Comment #5 by dlang-bot — 2023-06-28T10:10:41Z
@dkorpel created dlang/dmd pull request #15362 "Fix 20148 - void initializated bool can be both true and false" fixing this issue:
- Fix 20148 - void initializated bool can be both true and false
https://github.com/dlang/dmd/pull/15362
Comment #6 by bugzilla — 2023-07-21T00:44:48Z
(In reply to hsteoh from comment #2)
> There's more to it than a hole in @safe. Look at the disassembly below,
> there seems to be a codegen bug as well:
>
> -------------------
> 000000000003f698 <_Dmain>:
> 3f698: 55 push %rbp
> 3f699: 48 8b ec mov %rsp,%rbp
> 3f69c: 48 83 ec 10 sub $0x10,%rsp
> 3f6a0: 40 8a 7d f8 mov -0x8(%rbp),%dil
> 3f6a4: e8 07 00 00 00 callq 3f6b0 <@trusted void
> test.f(bool)>
> 3f6a9: 31 c0 xor %eax,%eax
> 3f6ab: c9 leaveq
> 3f6ac: c3 retq
> 3f6ad: 00 00 add %al,(%rax)
> ...
>
> 000000000003f6b0 <@trusted void test.f(bool)>:
> 3f6b0: 55 push %rbp
> 3f6b1: 48 8b ec mov %rsp,%rbp
> 3f6b4: 48 83 ec 20 sub $0x20,%rsp
> 3f6b8: 89 7d f8 mov %edi,-0x8(%rbp)
> 3f6bb: c6 45 e8 00 movb $0x0,-0x18(%rbp)
> 3f6bf: 40 80 7d f8 00 rex cmpb $0x0,-0x8(%rbp)

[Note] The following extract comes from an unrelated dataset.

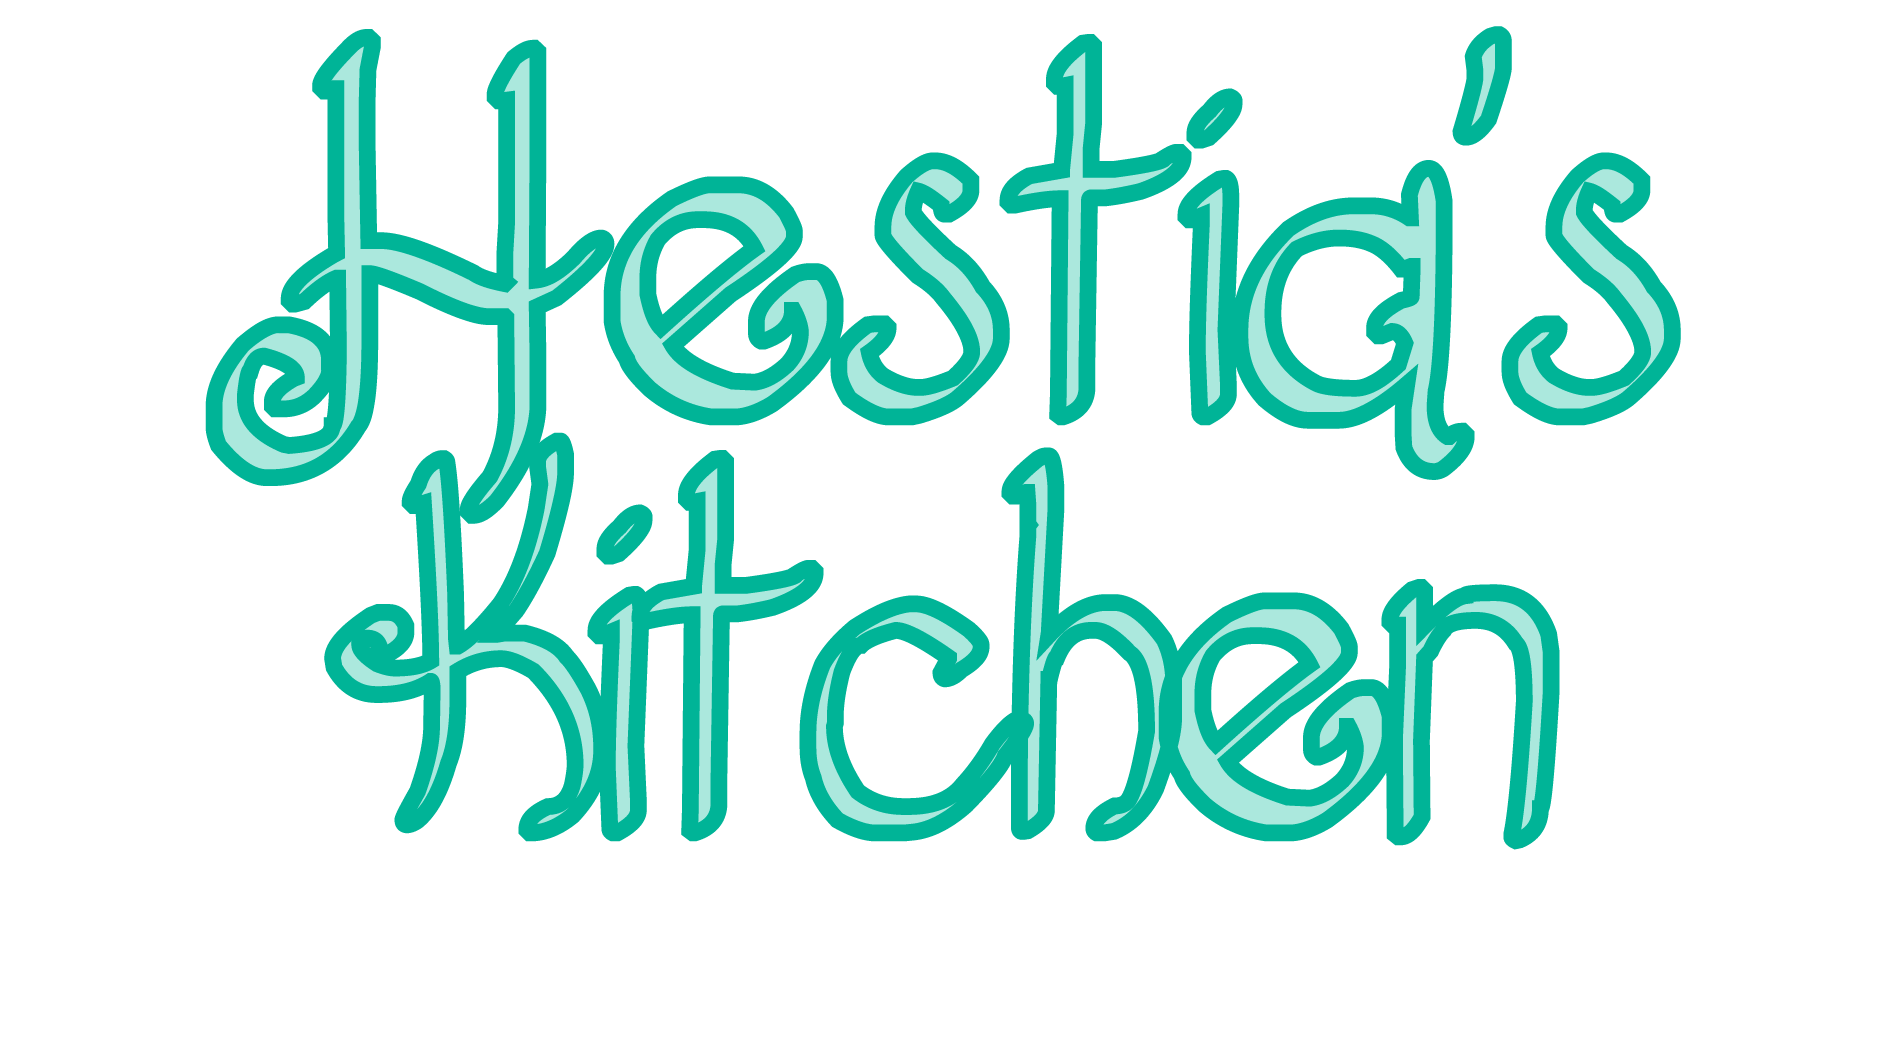 Hestia's Kitchen

> 3f6c4: 74 06 je 3f6cc <@trusted void
> test.f(bool)+0x1c>
> 3f6c6: 48 8d 45 e8 lea -0x18(%rbp),%rax
> 3f6ca: eb 0a jmp 3f6d6 <@trusted void
> test.f(bool)+0x26>
> 3f6cc: bf 01 00 00 00 mov $0x1,%edi
> 3f6d1: e8 9a fc ff ff callq 3f370 <malloc@plt>
> 3f6d6: 48 89 45 f0 mov %rax,-0x10(%rbp)
> 3f6da: 8a 4d f8 mov -0x8(%rbp),%cl
> 3f6dd: 80 f1 01 xor $0x1,%cl
> 3f6e0: 74 09 je 3f6eb <@trusted void
> test.f(bool)+0x3b>
> 3f6e2: 48 8b 7d f0 mov -0x10(%rbp),%rdi
> 3f6e6: e8 65 f9 ff ff callq 3f050 <free@plt>
> 3f6eb: c9 leaveq
> 3f6ec: c3 retq
> ---------------
>
> In main(), the value of -0x8(%rbp), apparently where main.b is stored, is
> loaded into the lower register %dil. But in f(), the value of the entire
> register %edi is stored in a local variable (coincidentally -0x8(%rbp), but
> points to a different place because this is now the local scope of the
> callee). Then a few instructions down this local variable is tested for
> having all 0's in its value: even though only the lower part of the register
> was actually loaded in main!
>
> Then after the if-statement, the (lower byte of the) local variable
> -0x8(%rbp) is loaded into %cl and compared against a literal 1.
>
> Even though technically this codegen works if b is either 0 or 1, it seems
> inconsistent at best (why compare the entire 32-bit value to 0 when checking
> for false, but only the lower byte when checking for true?), and in this
> case outright wrong when b is uninitialized and therefore can have any
> random garbage value other than 0 or 1.
The code gen looks correct to me. The cmp is a byte compare instruction which only looks at the least significant byte, where the bool was stored.